This is essentially identical to the C++ that was generated when we explicitly gave names to the fields. That makes sense since the names were syntactic sugar anyhow.

Conclusion: Compiler-inferred tuple field names are syntactic sugar just like explicitly-provided tuple field names.

Deconstructing Simple Tuples

Now let’s start to “deconstruct” tuples. This is syntax to extract the tuple’s fields into local variables all in one line. Here’s how it looks:

static class TestClass
{
    static int TestDeconstructTuple()
    {
        (int x, int y) = TestCreateTuple();
        return x + y;
    }
}

Let’s see what kind of C++ is generated for this:

extern "C" IL2CPP_METHOD_ATTR int32_t TestClass_TestDeconstructTuple_mFD8EA59ED69A94BCCE1CAA0FBB579925C1C34FF1 (const RuntimeMethod* method)
{
    int32_t V_0 = 0;
    int32_t V_1 = 0;
    {
        ValueTuple_2_t5A24A9AD1EB9E7A9CDB9C168A09E94B94E849186  L_0 = TestClass_TestCreateTuple_mB7F9180F25D30B4F025CB7FB81F5FE9A3EECC606(/*hidden argument*/NULL);
        ValueTuple_2_t5A24A9AD1EB9E7A9CDB9C168A09E94B94E849186  L_1 = L_0;
        int32_t L_2 = L_1.get_Item1_0();
        V_0 = L_2;
        int32_t L_3 = L_1.get_Item2_1();
        V_1 = L_3;
        int32_t L_4 = V_0;
        int32_t L_5 = V_1;
        return ((int32_t)il2cpp_codegen_add((int32_t)L_4, (int32_t)L_5));
    }
}

This function doesn’t have method initialization overhead since it didn’t call a generic constructor.

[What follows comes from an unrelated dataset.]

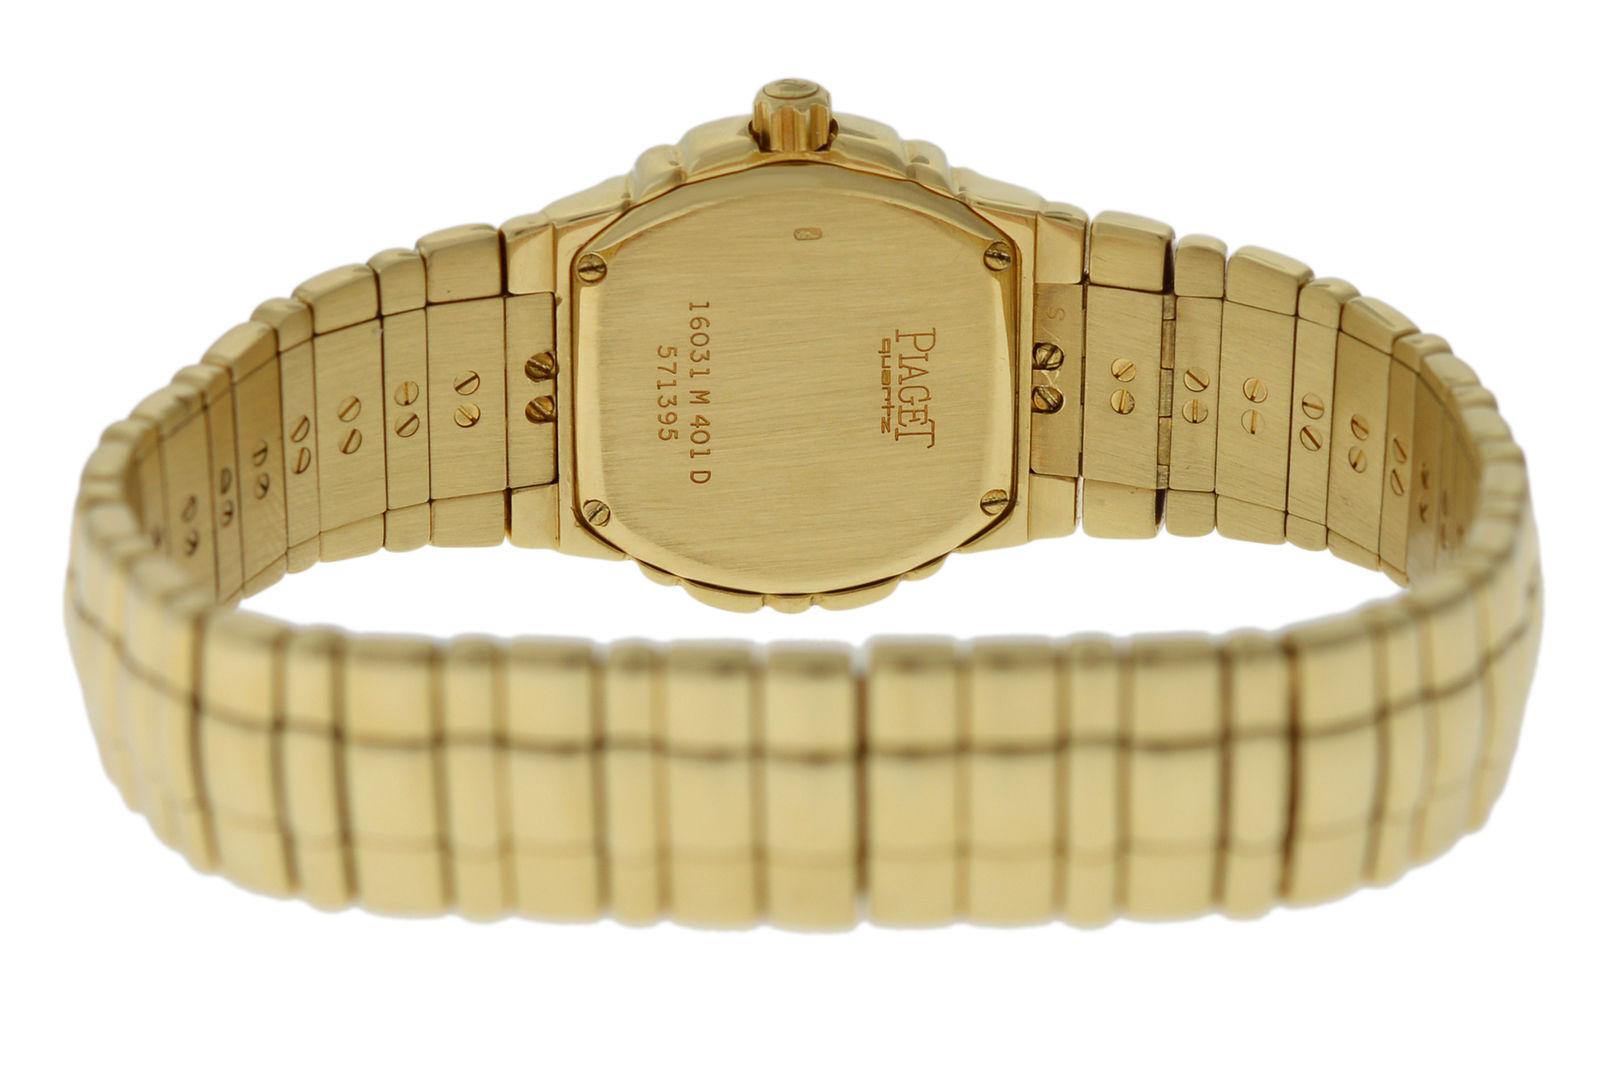 Ladies Piaget Tanagra 18 Karat Yellow Gold Diamond Quartz Watch In Excellent Condition For Sale In New York, NY
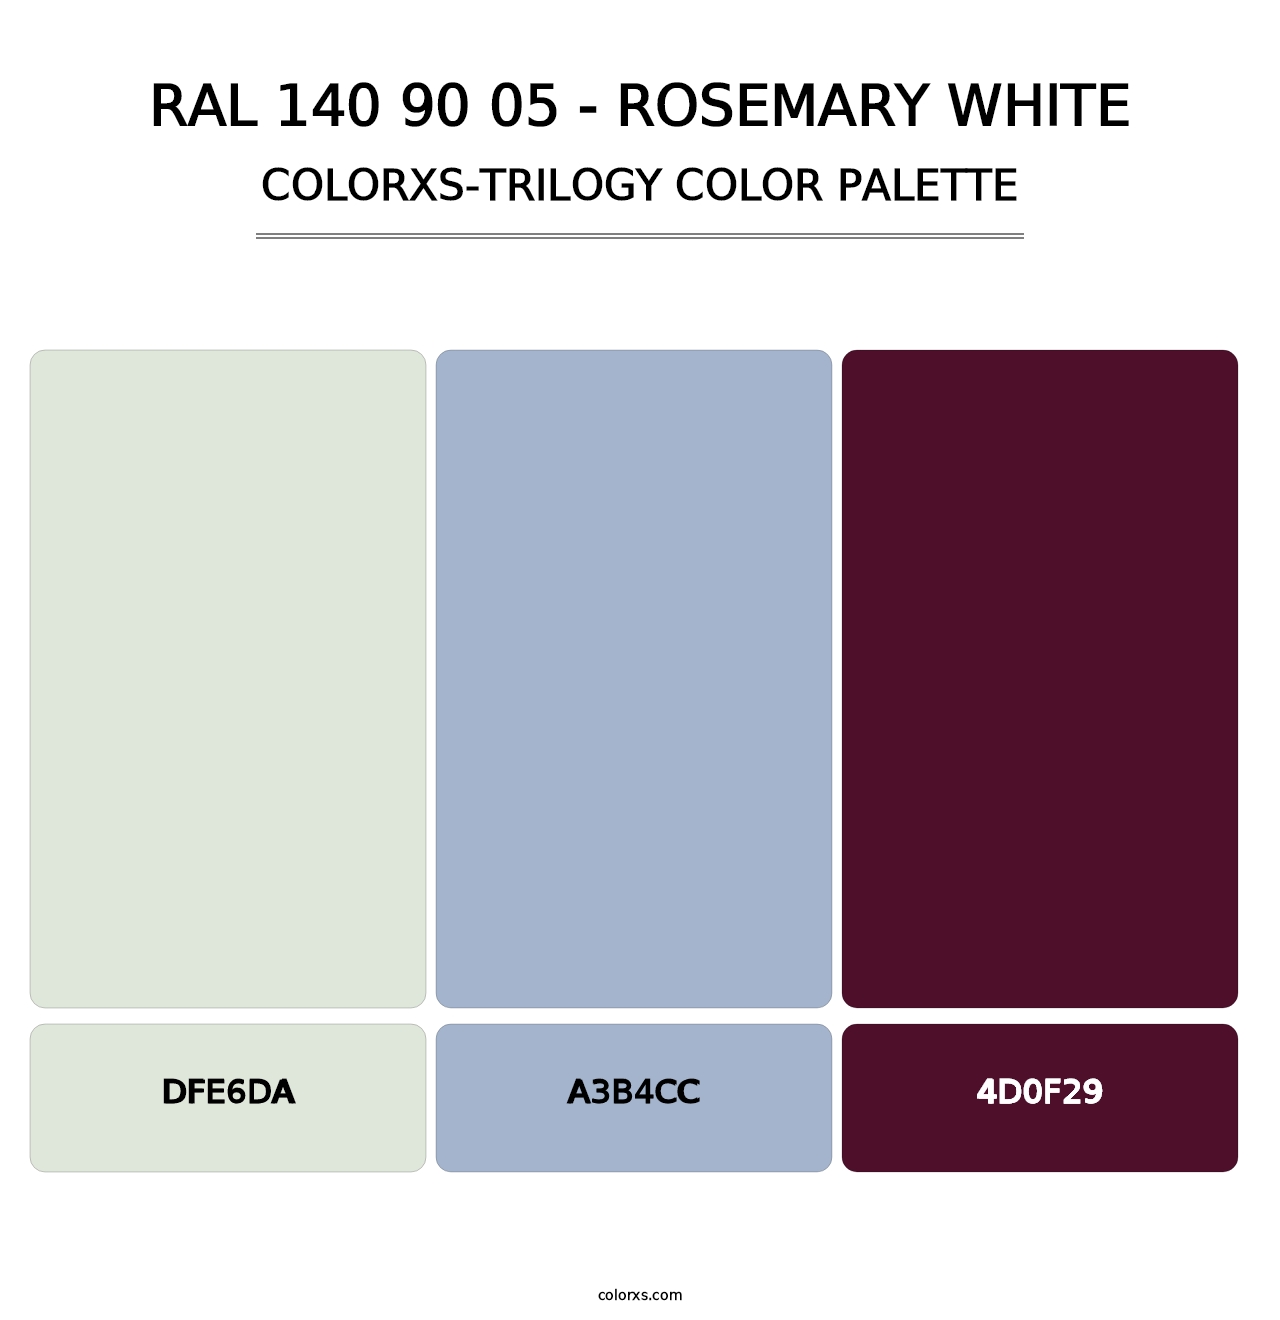 RAL 140 90 05 - Rosemary White - Colorxs Trilogy Palette

Instead, it just calls a function that happens to call a generic constructor, so presumably we’ll take the overhead there.

After the call to TestCreateTuple, we see the same accessors for Item1 and Item2 called to get the tuple’s fields. The return values are stored in local variables: L_2 and L_3. They also get copied, redundantly, to V_0 and V_1 before being finally added together.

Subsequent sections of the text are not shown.